文趣网 > 都市小说 > 狐郎食鱼记 > 40. 第 40 章
    大军沉默地转了个方向,往来时的方向走。

    既然答应了和离,苏瑾便从了洛乔的心愿,趁还未走远,直接将她送回宛城。

    此处在宛城与齐国南境的边界,西为郑国,北为燕国,离宛城有一百五十里,离南台则只有一百里。

    齐军纪律严明,没有人好奇为什么忽然要返回。

    这支两千人的队伍走在蜿蜒曲折的山路间,不时注意着头顶两侧的山崖,此处山壁陡峭,实在是个适合偷袭的地点。

    车厢内,苏瑾和洛乔俱沉默着。

    也无甚好说的了,两人只待回到宛城,签下和离书,从此便再无瓜葛。

    洛乔得偿所愿,心里却丝毫不觉得解脱。

    相反,她的心在苏瑾说出那句同意离婚之后,直直地坠了下去。

    世界忽然变得空空荡荡的,好似整个人都被抽空了。

    洛乔不再哭泣,只茫然地盯着自己眼前不断晃动的车厢。

    苏瑾答应两人和离了。

    这不是她一直以来想要的吗,她自由了,可以回宛城了,再也不用待在那个陌生的国家、陌生的城池。

    再也不会见到身旁的这个人。

    这不都是她想要的吗?

    山风又刮了进来,洛乔脸上残存的泪痕被吹得发凉,她轻轻打了个哆嗦。

    一块手帕被递了过来:“擦擦吧。
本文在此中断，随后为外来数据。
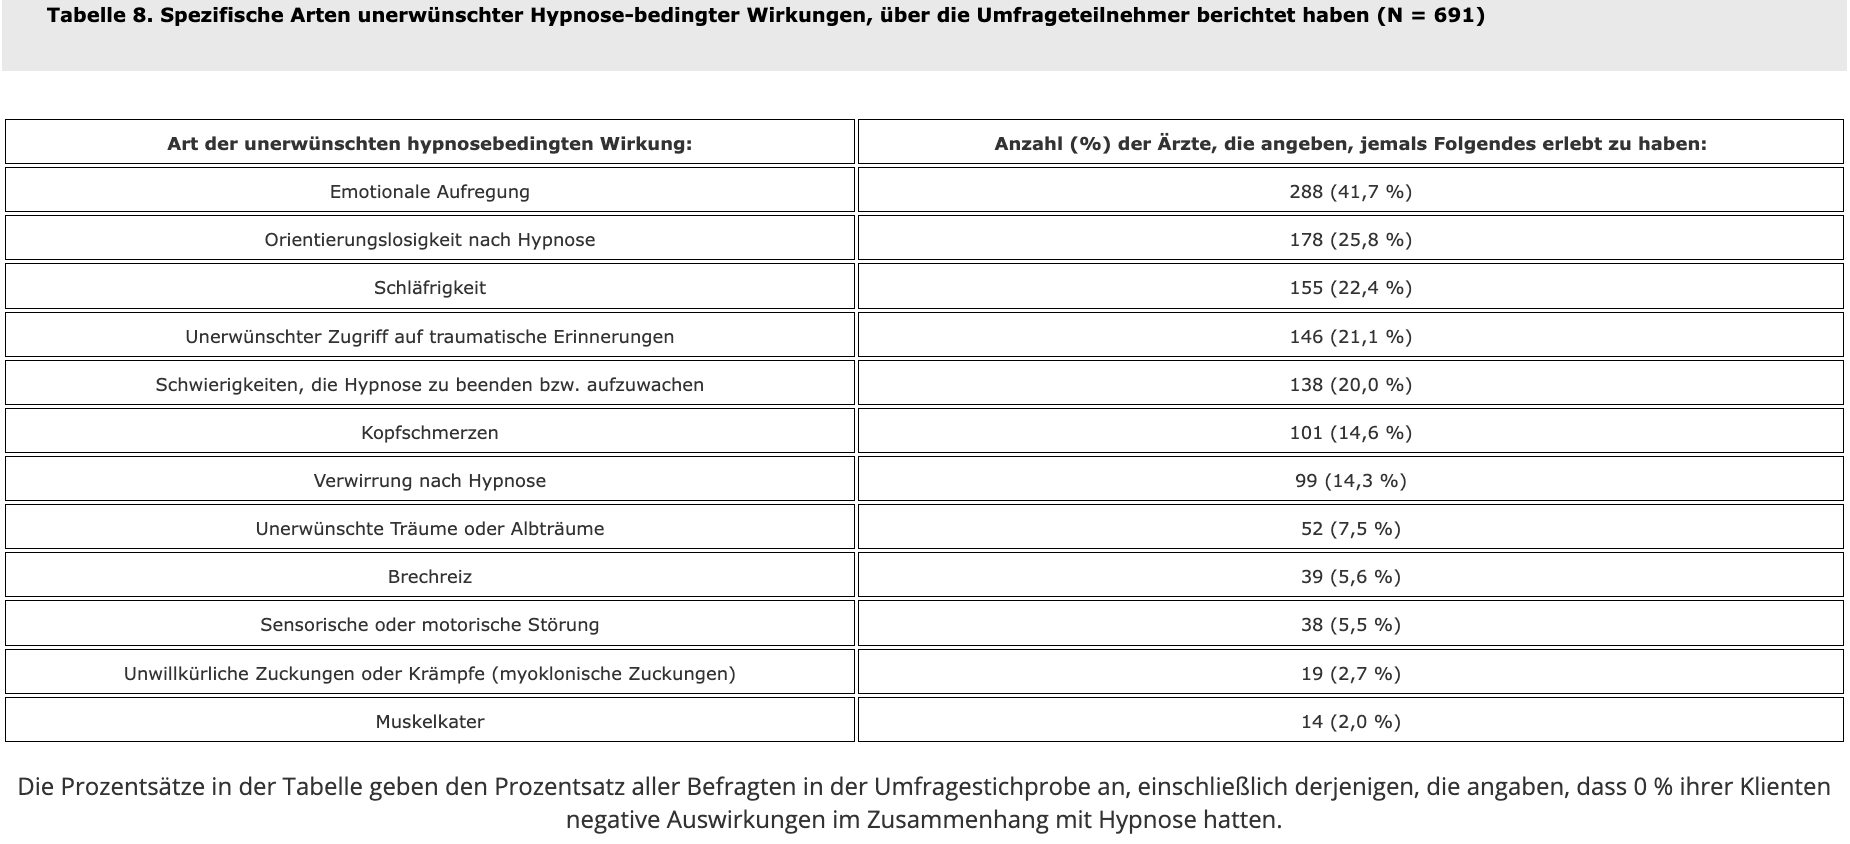 Tabelle 8. Spezifische Arten unerwünschter Hypnose-bedingter Wirkungen, über die Umfrageteilnehmer berichtet haben (N = 691)
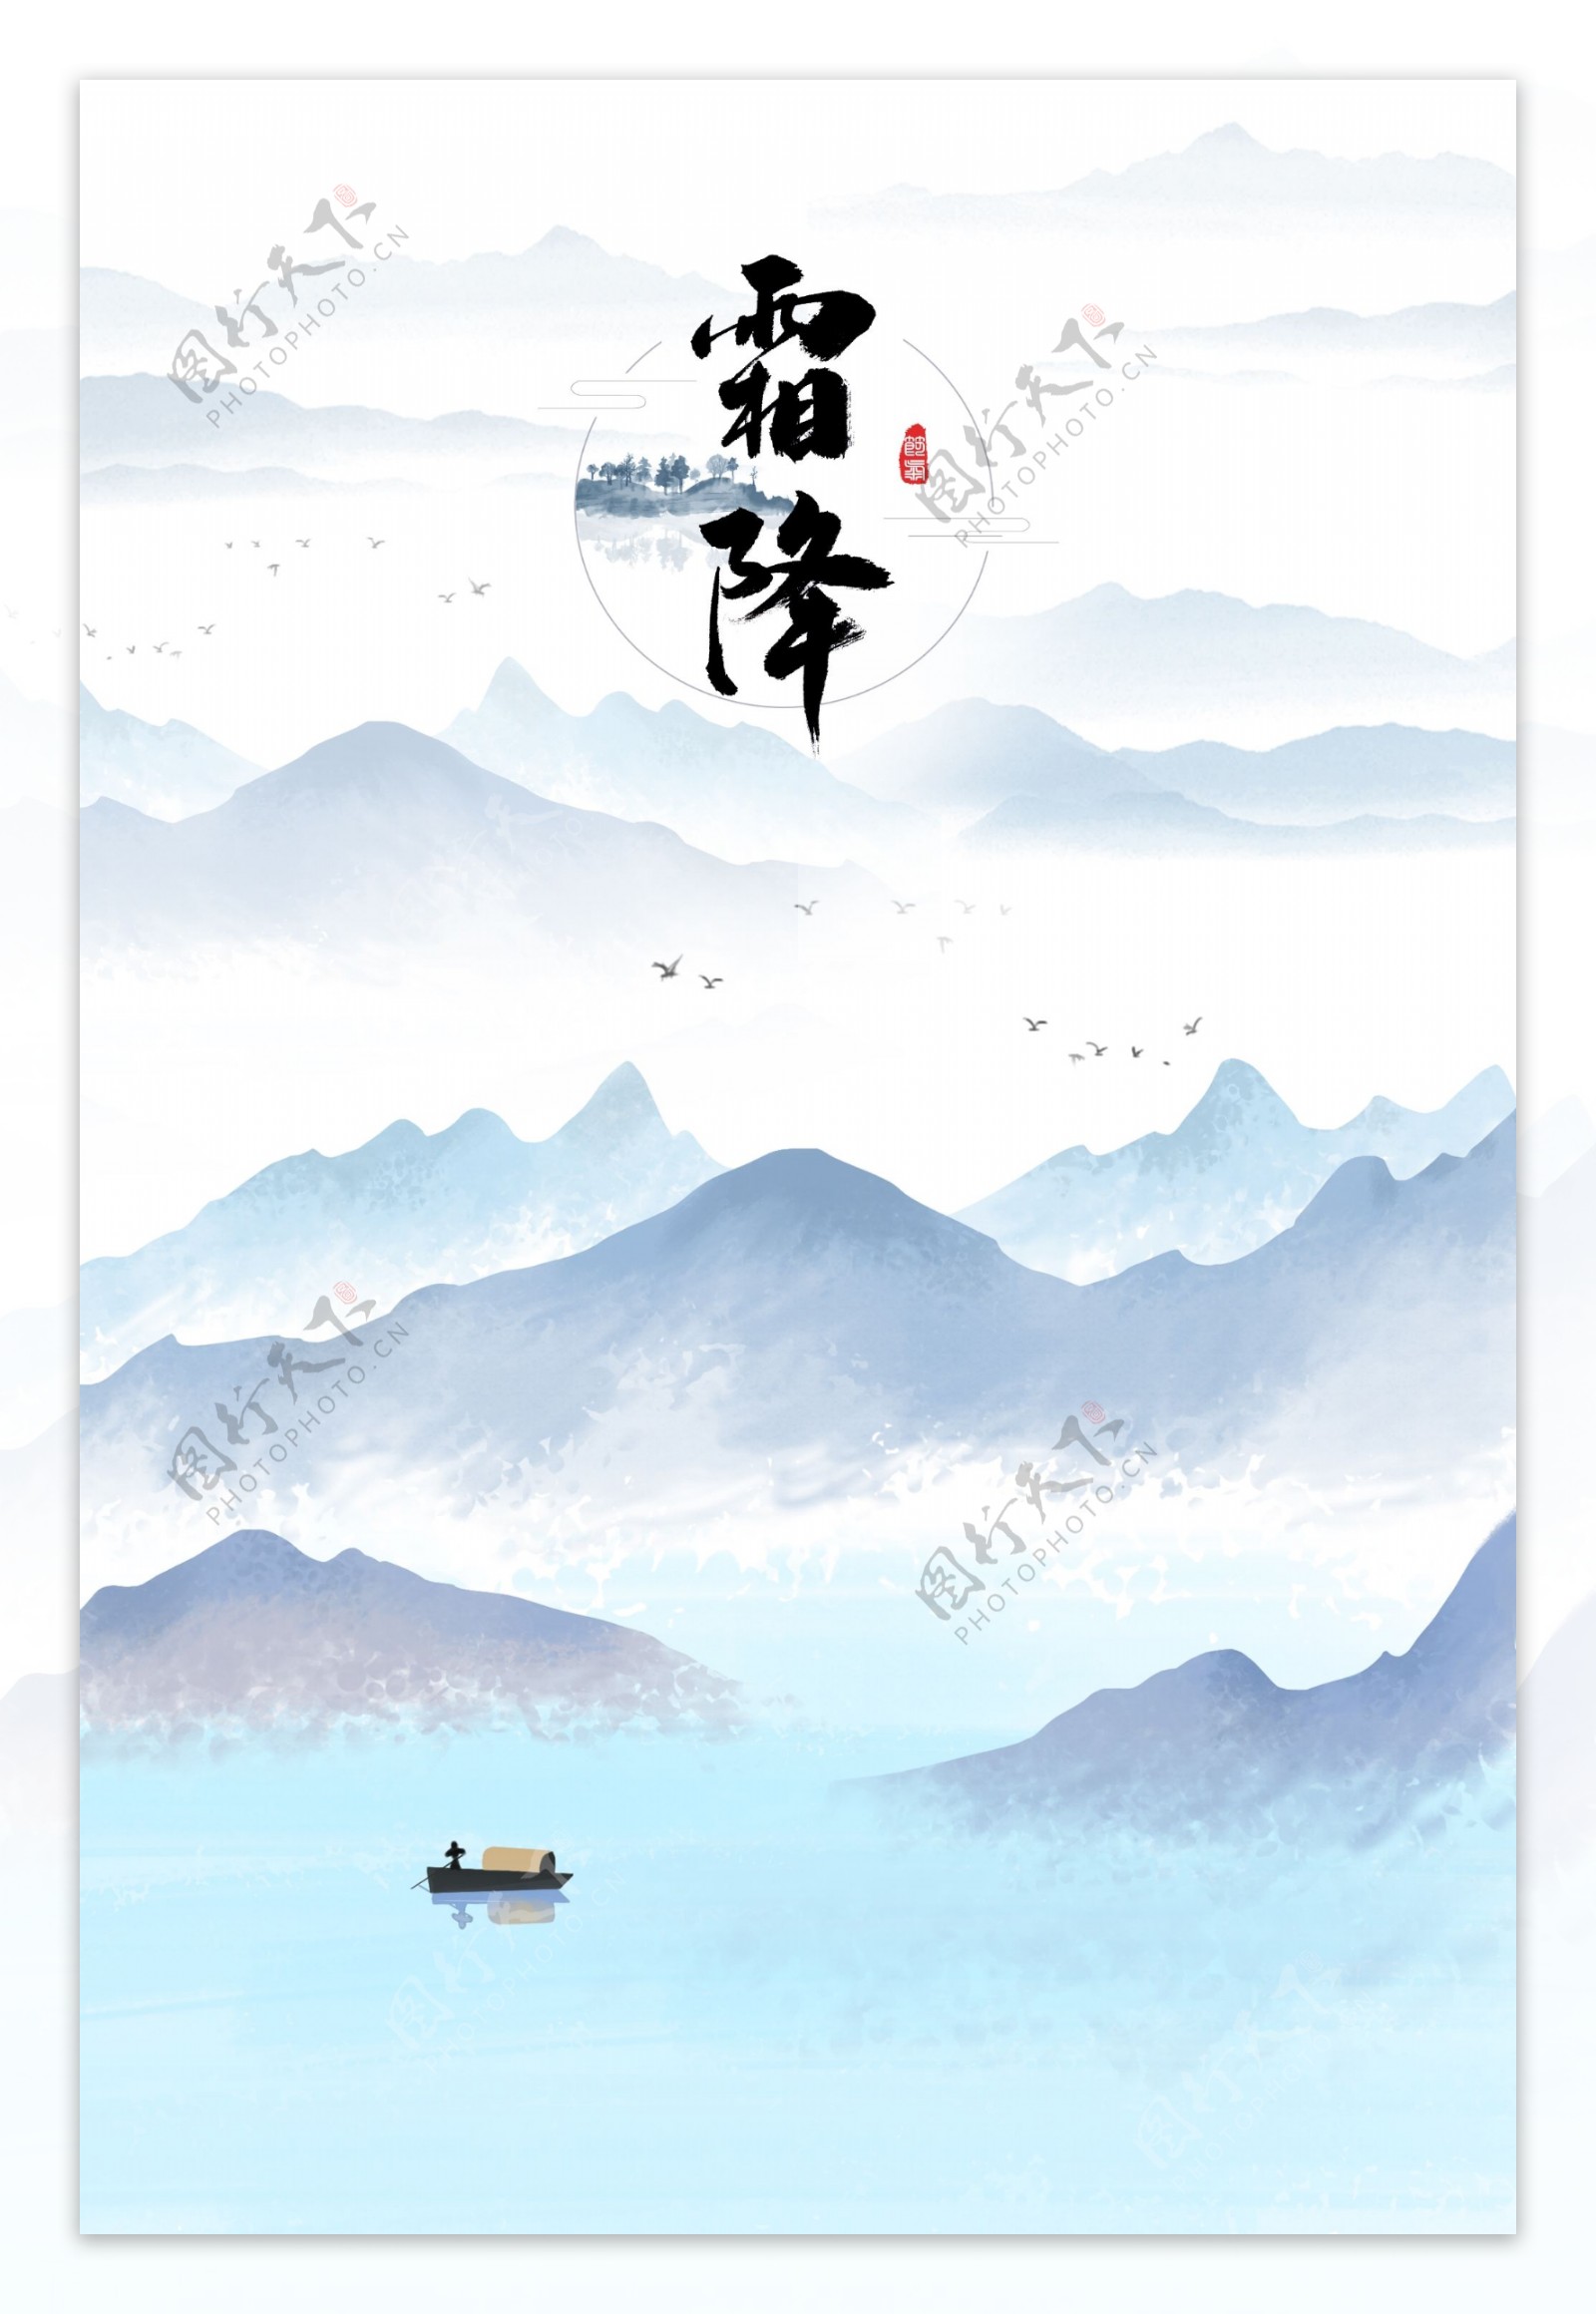 中国风山水霜降背景图片

”

    苏瑾语气平淡,面无表情。

    洛乔看着那帕子,眼中一热,这是那天去海边时,苏瑾给她擦手用的那块,他竟然还留着。

    她缓缓接过帕子,迟钝地擦去脸上的泪痕。

    苏瑾手中一空,他几不可见地松了一口气。

    两人又是沉默。

    擦干净泪痕后,洛乔攥着这块脏了的帕子,不知道要不要还给苏瑾。

    她尚在犹豫,苏瑾却主动向她伸手,只眼睛不看她,直视着前方。

    洛乔赶忙将帕子放上去。

    只见苏瑾利落地收回手,将帕子随意塞进自己袖中。

    洛乔后知后觉地因他这番动作感到些甜蜜,即便答应了和离,他也还是关心自己。

    苏瑾却有些烦躁,他本不该再理洛乔,甚至都不该和她乘同一辆马车。

    刚刚是他一时鬼迷心窍了。

    苏瑾抬手掀开车帘,动作稍显急躁。

    他的视线看向窗外,风顺着车窗灌进来,吹的两人身上的衣袍哗哗作响。

    不对劲。

    山风为何忽然如此猛烈?

    苏瑾轻皱眉头,他抬眼看向头顶山崖之间的那一线天色。

    已然乌云密布,想来是要下大雨了。

    他又看向四周地势。

    不好,此处山势陡峭,若是大雨,极易发山洪。

    外间的齐军都意识到了这点,不由自主地加快了行进的速度,脚步声稍显杂乱。

    苏瑾眉头皱得更紧,刚想唤人传话让士卒们重新整兵。

    一只利箭“嗖——”地从斜上方射下来,力道大到那闪着暗光的箭簇直接插入车厢中。

    “轰隆——”

    天际骤然响起一声雷鸣。

    苏瑾迅速躲开,同时将洛乔紧紧抱入怀中。

    外面顿时乱了起来。

    “有埋伏——”

    “保护都督——”

    “在上面——他们在上面——”

    森然箭雨以电闪雷鸣为背景,遮天蔽日地射下来。

    车厢内的洛乔不断听到周围传来被射中的惨叫声,她躲在苏瑾的怀中瑟瑟发抖。

    这是怎么了?怎么突然又被偷袭了?

    苏瑾面色冷峻,他仔细倾听着外间传来的声音,敏锐地发现这次偷袭和以往都不一样。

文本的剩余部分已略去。